Let’s take a sample chart below to understand this better.

In the above picture, the row index shows the diner clusters and the column index shows restaurant clusters, the ones we got in step 1. I can look at this diagram and say that for the diners in diner cluster 1, the diners have a very high affinity towards restaurants in cluster number 5 (you can see the value as 0.8967). The affinity towards the rest of the clusters is not very high. Now Label 5 restaurants happen to be bars, so I know that the diners in this cluster happen to prefer bars, and we would suggest bars to these diners.

In this way, we are able to create user personas for the diners, and we can get to understand the diners better.

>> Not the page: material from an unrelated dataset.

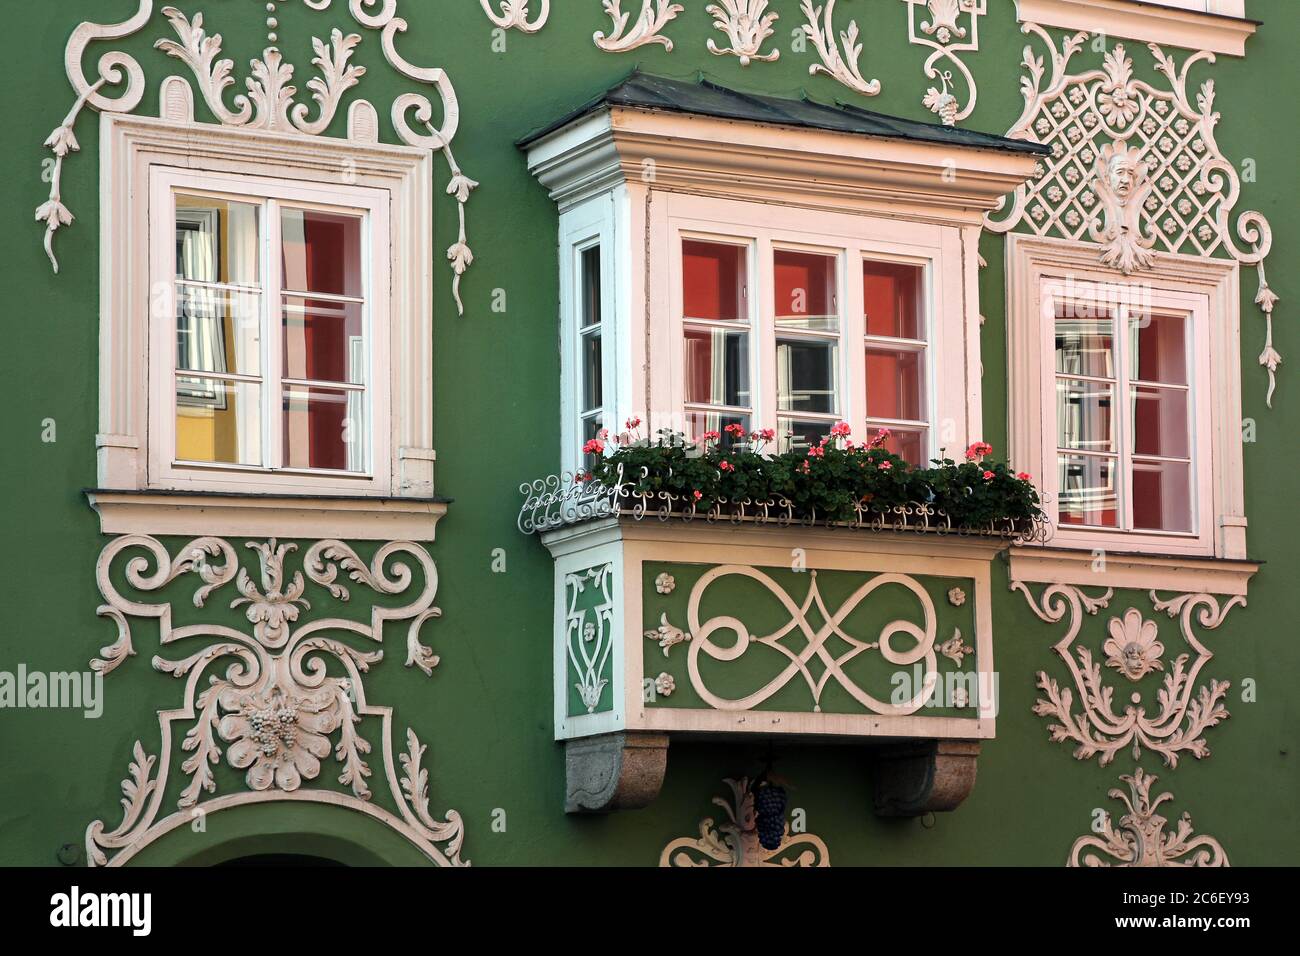 Facade of a beautiful green baroque house in Scharding, Austria featuring a small oriel window decorated with pink geranium flowers. Stock Photo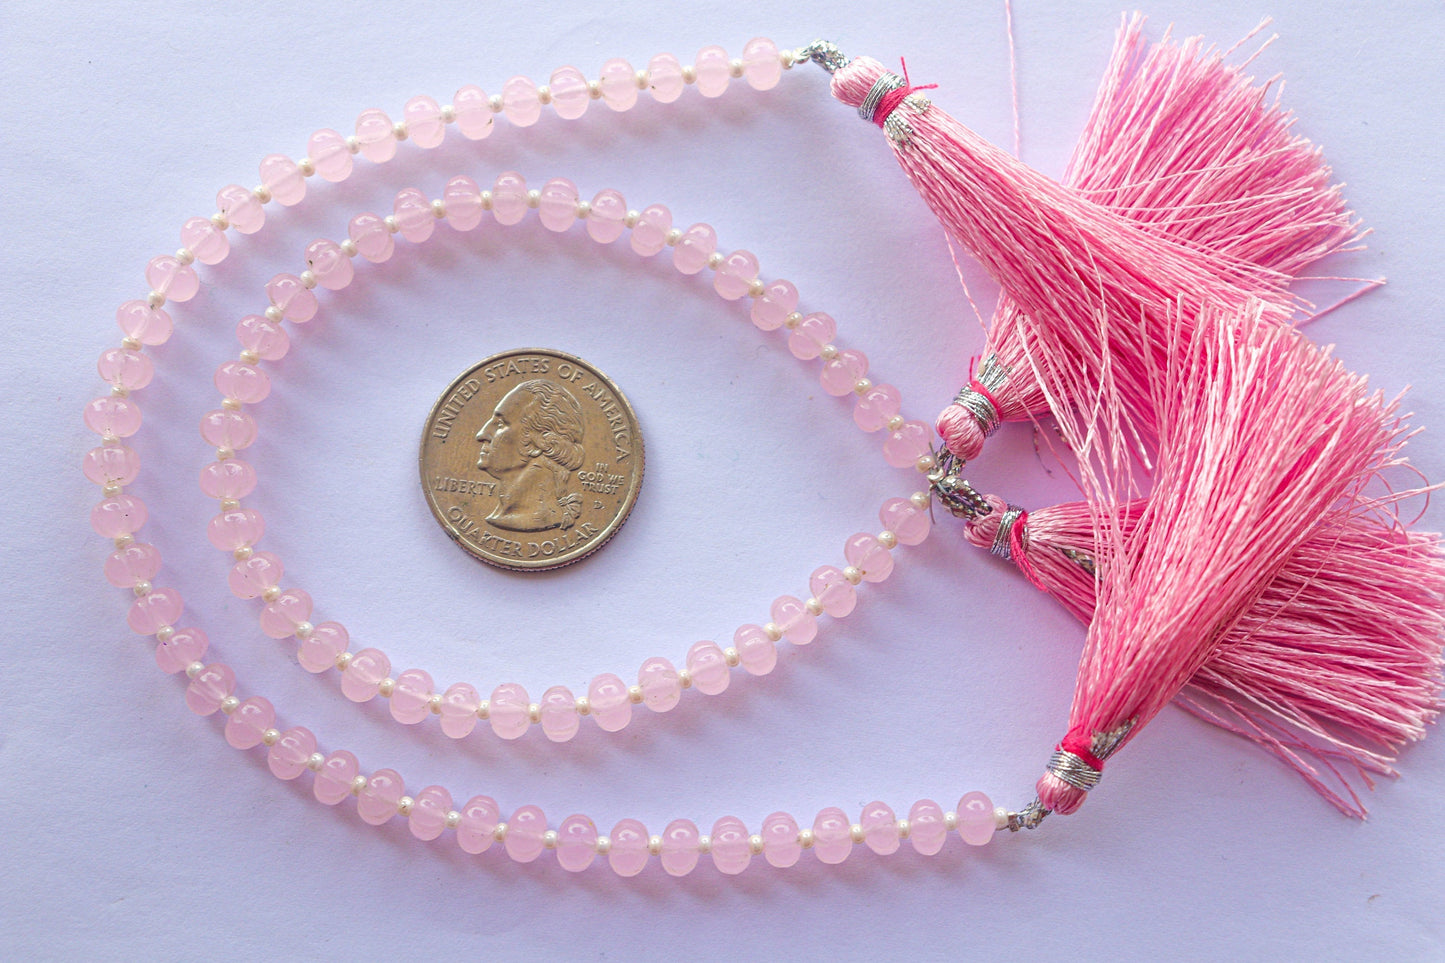 Rose Quartz Carved Melons | 6x6mm | 8 inch | 39 Pieces | Center Drill | Natural gemstone beads | Beadsforyourjewellery | 959 Beadsforyourjewelry

Based on your activity carousel

Using the restaurant and diner clusters that we got above, we introduced a new carousel on the homepage, the “Based on your activity” carousel in January 2022.

If there is a diner whose data we already have in our database, the diner is clustered in one of the buckets. Based on the affinity that the diner has towards the restaurant clusters, the restaurants are recommended to them in the carousel.

In order to monitor the performance of the carousel, the main metric that we are looking at is the CTR (or the click-through rate). The CTR is basically given by (clicks/impressions) x 100. The carousel has been performing well on this front. In the months of Feb and March, this was the top-performing carousel, with the highest CTR, above the “Restaurants near you” carousel by 1.46 percentage points!

Another metric that we’re looking at is the transaction funnel, starting right from the carousel interaction to the payment. The catch here is that the user might not make the payment in the very same session as their banner interaction. So we consider 3-day and 7-day conversion funnels. If there is a diner that interacted with the carousel and looked at a certain restaurant, and they transact in that restaurant in the next 3 days or 7 days, they are considered as a converted diner. In this metric too, the banner has been performing increasingly well, with both the 3-day and 7-day conversions up by around 2 percentage points.

Currently, we have implemented the carousel in Delhi, Bangalore, Mumbai, and Hyderabad. We are planning to roll it out for the other cities as well once we have good results for these, and it is sufficiently enhanced.

Next Steps

This is a decent performing carousel, but there is still a lot more we can do in order to improve its performance. We are planning to add other data points such as favourites, search bar usage and rating data to enhance the model, and I will keep you posted with the progress that we make. I hope you enjoyed the read.